2.2.3. alpaca/discovery.py: ASCOM Discovery Protocol

  • AlpacaDiscovery class: UDP-based device discovery on port 32227
  • RFC 8a11 Compliance: Implements ASCOM Alpaca discovery specification
  • JSON Response: Returns device metadata for automatic client configuration

2.2.4. alpaca/routes/api.py: ASCOM API Blueprint

  • Flask Blueprint: All ASCOM SafetyMonitor REST API endpoints
  • Primary Endpoint: GET /api/v1/safetymonitor/{device_number}/issafe
  • Optimized Image Serving: GET /api/v1/latest_image serves raw JPEG bytes
  • Standard Compliance: Full ASCOM Alpaca SafetyMonitor interface
  • Error Handling: Validates device numbers and request parameters

2.2.5. alpaca/routes/management.py: Web UI Blueprint

  • Setup Interface: GET/POST /setup/v1/safetymonitor/{device_number}/setup
  • Template Rendering: Uses Jinja2 for clean separation of presentation
  • Configuration: Handles form submissions for all operational parameters
  • Status Dashboard: Real-time safety status, latest image, and detection history

2.2.6. alpaca/__init__.py: Application Factory

  • create_app(): Flask application factory pattern
  • Blueprint Registration: Mounts API and management routes
  • Initialization: Creates SafetyMonitor instance and configures Flask
  • Returns: Tuple of (app, safety_monitor) for external access

2.3. main.py: Application Entry Point

This is the new entry point that replaces the monolithic alpaca_safety_monitor.py:

  • Responsibilities:
    • Application Initialization: Calls create_app() factory to build Flask app
    • Thread Management: Starts background detection thread and UDP discovery service
    • Signal Handling: Graceful shutdown on SIGTERM/SIGINT
    • Production Server: Runs Waitress WSGI server (32 threads, port 11111)
    • Clean Architecture: Coordinates components without implementing business logic

2.4. templates/setup.html: Web UI Template

  • Jinja2 Template: Dynamic content using template variables
  • Features:
    • Real-time safety status display
    • Latest image preview with timestamp
    • Collapsible configuration sections
    • Timing visualization for debounce settings
    • Safety classification with confidence thresholds
    • Client connection history

3. Deployment and Execution

The application is intended to be run as a Docker container.

3.1. Dockerfile

The Dockerfile defines the container image.

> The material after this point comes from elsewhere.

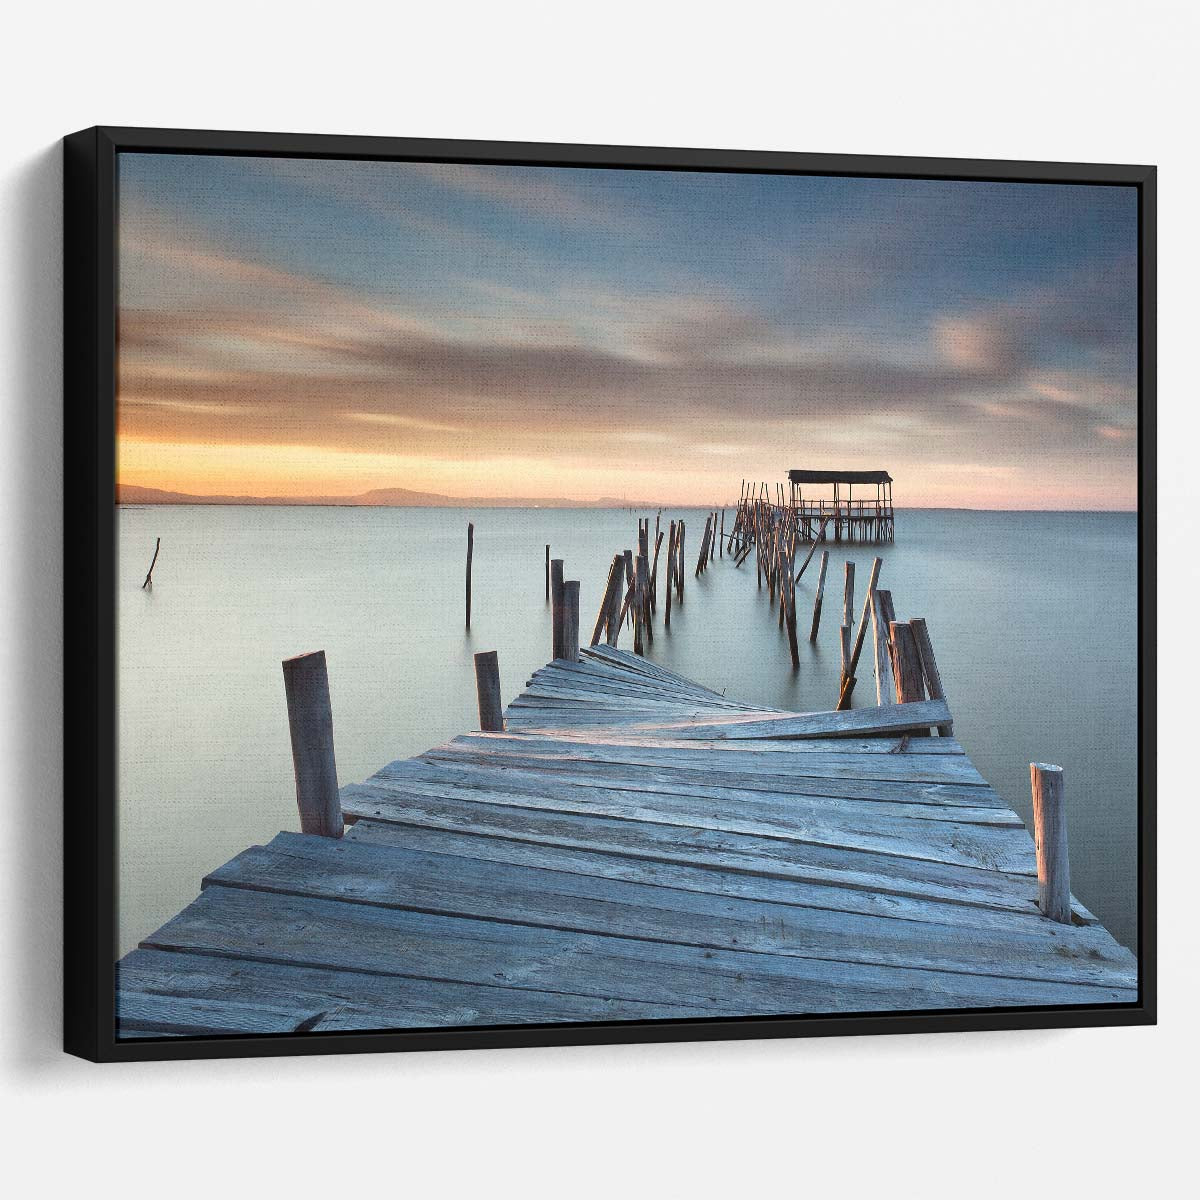 Decaying Pier Sunset Seascape Portugal Wall Art by Luxuriance Designs. Made in USA.

  • It uses a multi-stage build to create a slim final image.
  • It installs all Python dependencies from requirements.txt (or requirements-arm64.txt for ARM systems). Key dependencies include tensorflow-cpu, keras, flask, paho-mqtt, and pillow.
  • It sets up a non-root user for enhanced security.
  • The container's entrypoint is the start_services.sh script.
  • It includes a HEALTHCHECK directive that periodically queries an API endpoint to ensure the application is responsive. If the health check fails, the container is automatically restarted.

3.2. start_services.sh

This shell script is executed when the container starts.

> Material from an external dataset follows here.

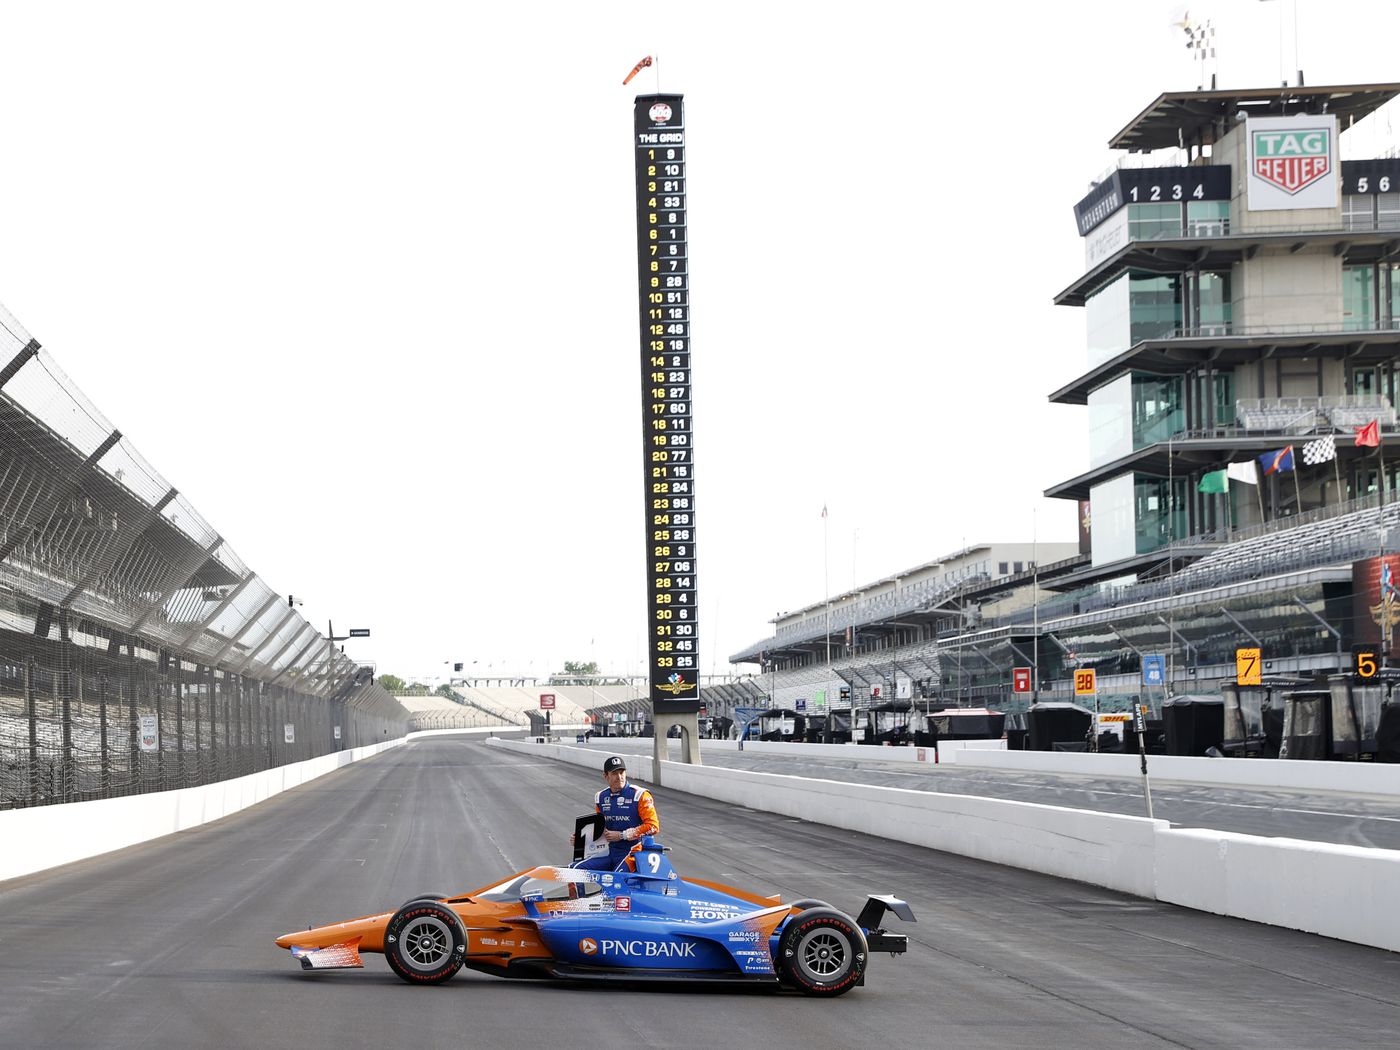 Indy 500 results: Winner, full finishing order at Indianapolis Motor Speedway

  1. It first runs convert.py, which ensures the ML model is in the correct format.
  2. It then uses exec to launch main.py (the new modular entry point). Using exec makes the Python application the main process in the container, which allows it to handle system signals correctly for graceful shutdown.
graph TD
    A(Start Container) --> B{Run convert.py};
    B --> C{exec python3 main.py};
    C --> D(Application Running...);
Loading

4. Data Flow

The typical data flow for a single detection cycle is as follows:

sequenceDiagram
    participant M as main.py
    participant SM as AlpacaSafetyMonitor (device.py)
    participant D as detect.py (CloudDetector)
    participant K as Keras Model
    participant C as Clients (ASCOM, Web UI, MQTT)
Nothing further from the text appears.